Keywords: Social anxiety disorder. Medical students. Social interaction.
1 INTRODUÇÃO
O tema desse projeto abordará o transtorno de ansiedade social (TAS) em alunos de medicina do primeiro ao terceiro período, em uma instituição no Oeste do Paraná. Sendo o objetivo geral deste estudo a avaliação da prevalência do transtorno de ansiedade social em estudantes de medicina e os impactos desse transtorno nas relações sociais desses alunos.
O transtorno de ansiedade social pode ser caracterizado como um medo ou ansiedade acentuados e persistentes em situações de exposição social ou desempenho, nas quais a pessoa que é exposta acredita em uma avaliação contínua pelos outros. No geral, pode ser interpretado como um medo intenso de ser julgado negativamente pelas pessoas do ambiente em que o indivíduo ocupa, o que leva à evitação dessas situações ou à experiência delas com um intenso desconforto. A duração desse medo precisa ser de pelo menos seis meses, sendo o impacto sobre a vida diária significativo, afetando áreas como o trabalho, a escola ou os relacionamentos pessoais (1,2).

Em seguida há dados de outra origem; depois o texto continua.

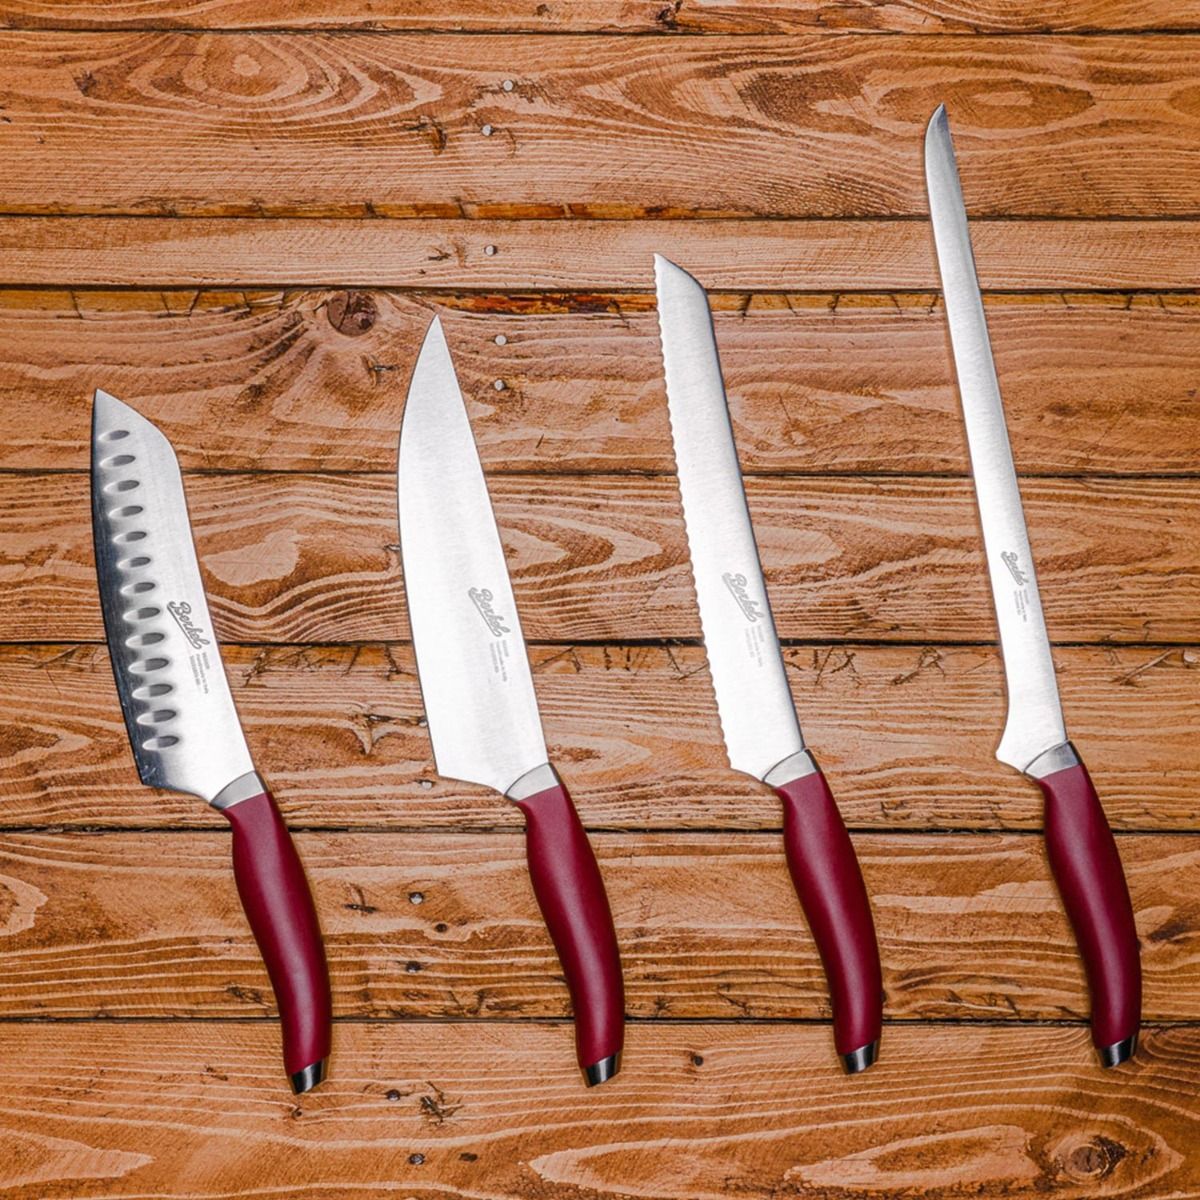 Berkel Teknica set of 4 Red Chef's knives
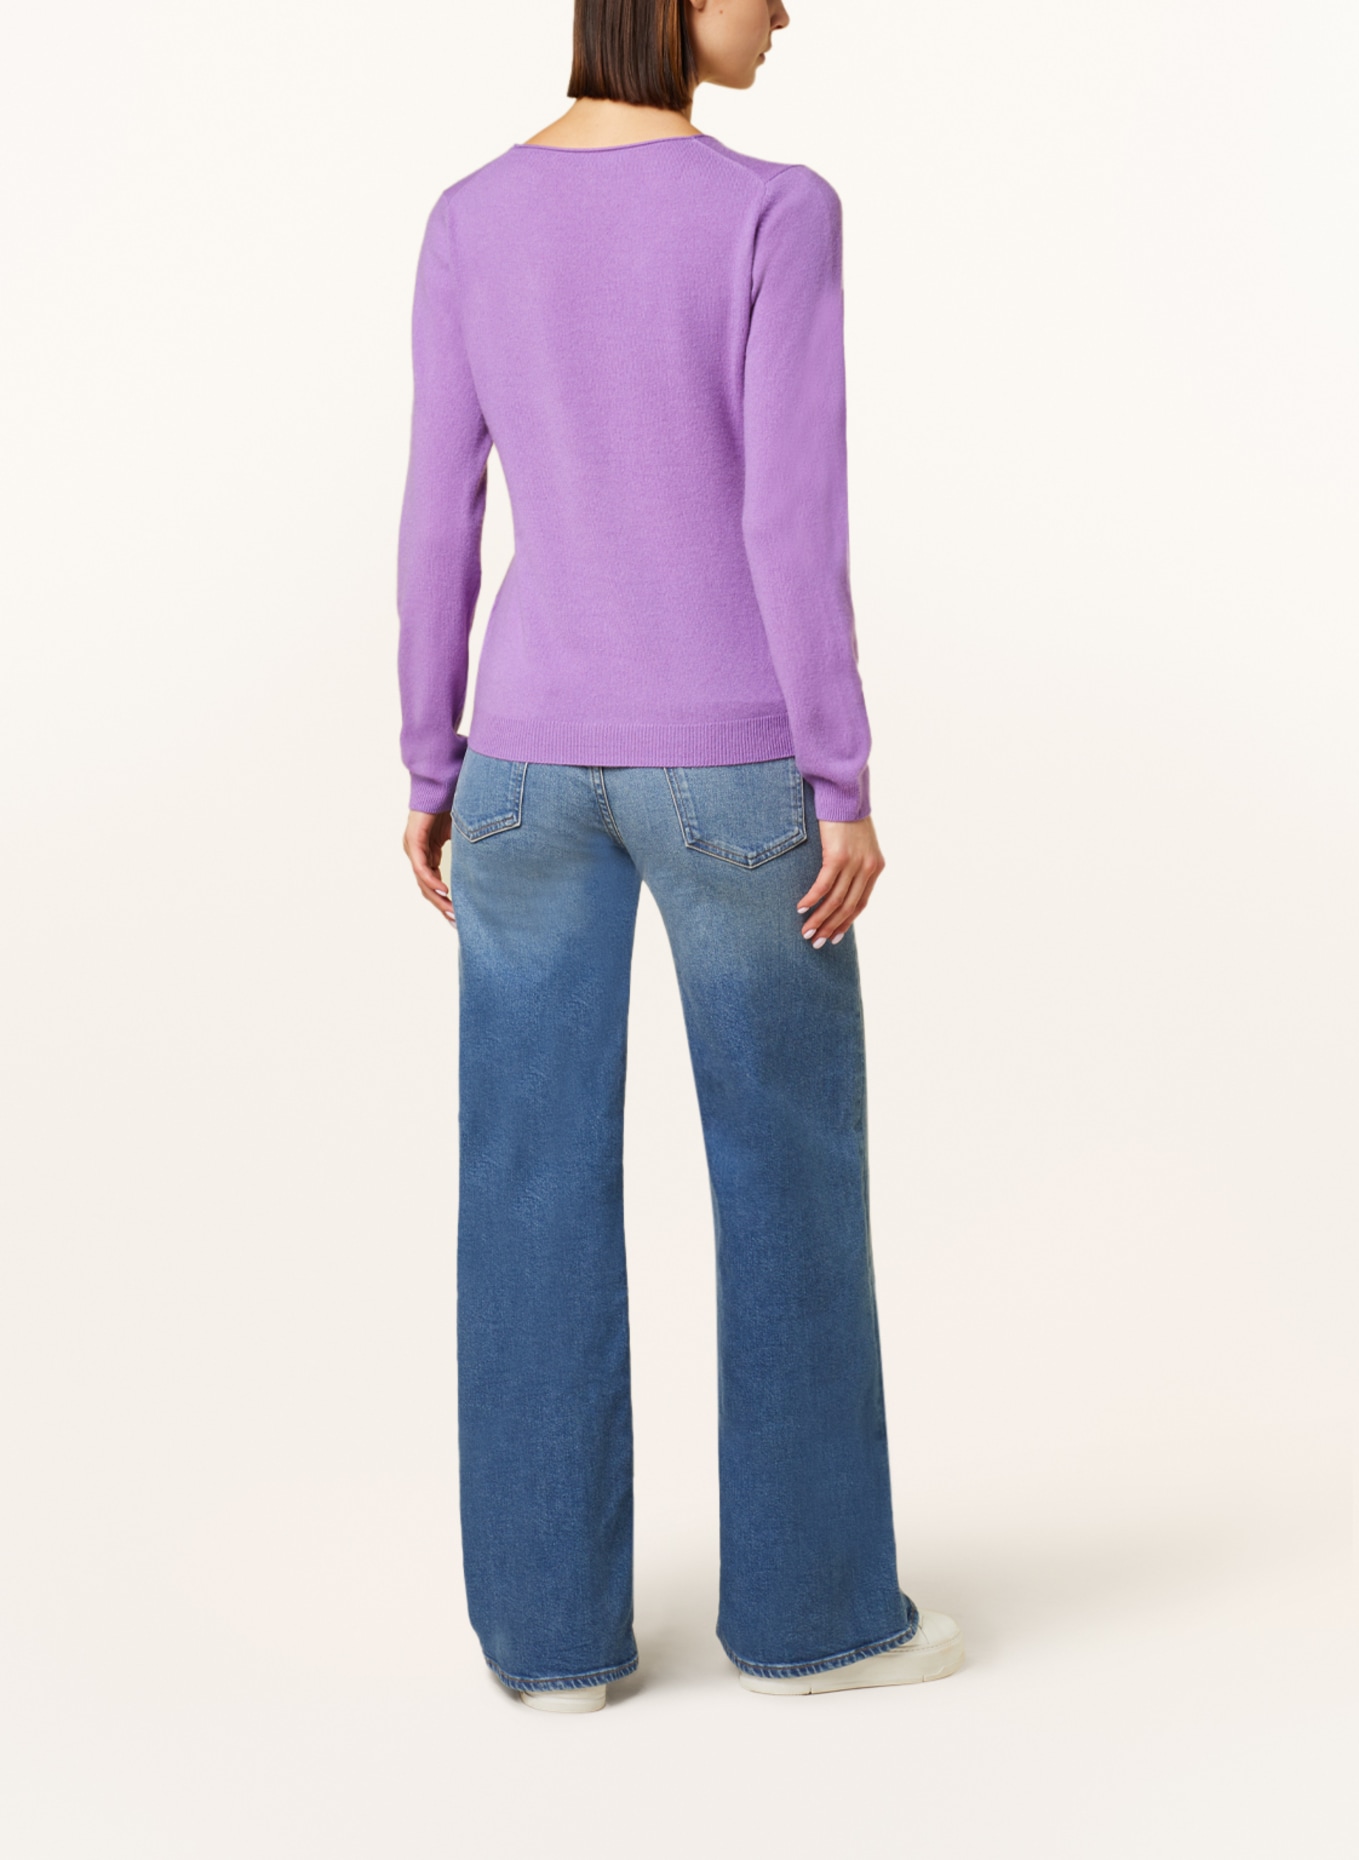 REPEAT Cashmere sweater, Color: PURPLE (Image 3)

No que tange a epidemiologia o transtorno de ansiedade social tem uma prevalência de aproximadamente 7% nos EUA por ano, enquanto na Europa a média é de 2,3%. Globalmente, sua prevalência varia de 7% a 13%, sendo considerado o terceiro transtorno psiquiátrico mais comum, e apresenta-se frequentemente com comorbidades como depressão e abuso de substâncias, resultando em impactos significativos na qualidade de vida, levando a impactos significativos na vida social e profissional, e a um maior risco de abuso de substâncias e ao suicídio. Em relação à faixa etária, os adolescentes tendem a ter taxas mais altas do que crianças e idosos. Já em relação ao gênero, o TAS afeta mais as mulheres do que os homens, com uma razão de chances variando de 1,5 a 2 especialmente em adolescentes (3,4).
Não somente, mas também é importante salientar quais são os principais fatores de risco para desenvolvimento dessa condição psiquiátrica. Tendo em vista que o TAS envolve interações entre fatores genéticos, ambientais e psicológicos. Atualmente o principal fator é o gênero, porque mulheres apresentam uma prevalência até 2 vezes maior do que em homens, valor esse sustentado pelas observações feitas em estudos que sugerem que o público feminino apresenta uma maior vulnerabilidade biológica e psicológica maior aos transtornos de ansiedade em geral (1,3,5). Outro fator de destaque é o temperamento, pois crianças que apresentam inibição comportamental, como a timidez extrema ou medo de avaliações negativas tendem a apresentar um risco maior de desenvolver TAS na idade adulta (3,6).
A prevalência do TAS dentro de um contexto específico, como o meio acadêmico, principalmente o de medicina, pode ter números maiores do que quando comparados aos dados da população em geral, uma análise indiana feita no¨ Bachelor of Medicine¨, analisou a prevalência e os fatores associados ao Transtorno de Ansiedade Social em 150 estudantes de medicina, incluindo todos os alunos do 1º, 2º e 3º anos e conclui que dos 150 estudantes, 46% apresentaram algum nível de TAS, com 19% dos casos sendo significativos, principalmente na forma moderada (7) .
Ademais esse estudo identificou associações entre o TAS e fatores como desempenho acadêmico inferior (notas abaixo de 75%), gênero feminino e baixa escolaridade da mãe. Além disso, estudantes que residiam em alojamentos ou viviam sozinhos após os 18 anos apresentaram maior prevalência de TAS. Esses achados refletem tendências observadas em pesquisas anteriores sobre ansiedade social, sugerindo que o ambiente educacional e familiar desempenha um papel importante no desenvolvimento do TAS entre estudantes de medicina (7).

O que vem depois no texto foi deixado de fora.